In wintertime all of the water taps on the pier are disconnected from the main water supply to ensure that they don’t freeze and get damaged. The Seadog is still disabled and can’t go anywhere (because the engine is still not in working order) so we can’t go to the main tap to fill up the water tank(s).
This means water usages aboard the Seadog in wintertime is restricted to as little use as possible. A mobile water tank is used to get drinking water from the main water supply, so that’s not really an issue. But for doing the dishes etc. it’s nice to have a full water tank, and of course in the ideal situation this should be both water tanks.
So I had kind of a deadline on which the leaking water tank should be repaired and operational again, because I needed to fill both tanks before the taps on the pier got disconnected.
First we (my dad) tried to weld the leaks (there seem to be more than one), but that did’t work out to well and after a few attempts it almost looked like the tank was leaking even more.
So I turned to my trusted ally; epoxy resin. This time a special kind of epoxy was used, one that was purposely created to repair industrial metal objects. This stuff can even be used to repair objects that need to withstand tremendous pressures like propellers, pumps, pipes, and of course tanks. It’s called WEICON Plastic Metal (http://www.weicon.com/pages/en/products/adhesive/2c-adhesive/plastic-metal.php) and can even be used to repair broken tools etc. and after correct application can be drilled, milled, ground and or filed.

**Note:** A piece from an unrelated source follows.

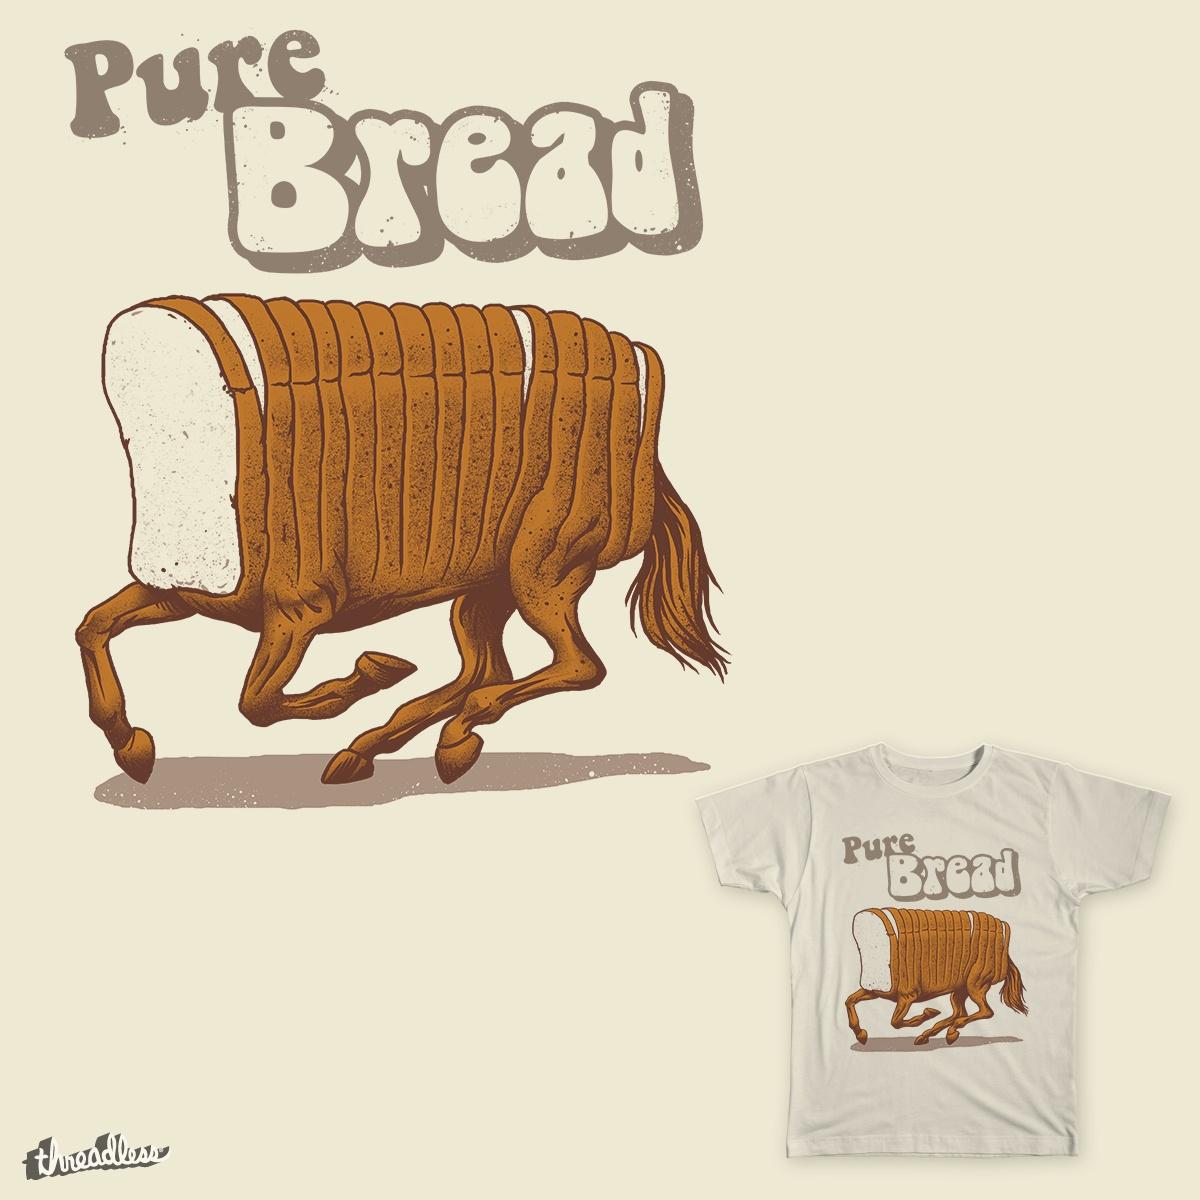 Pure Bread by vptrinidad021 on Threadless

It’s quite expensive, but then you do know for sure you got the right stuff.
Of course I first needed to disconnect and remove the tank and transport it to my parents shed where I could clean and prepare the surface before applying this “plastic metal”.
It did take a few tries before all the leaks where properly sealed and in total I might have been working on this “little” project for three to four weeks before the tank could be put back in it’s place. But lucky for me that was just in time before the water taps were disconnected, so all in all it turned out very well. The tank has been in use for almost three months now, without any leakage so I guess it was a great success indeed.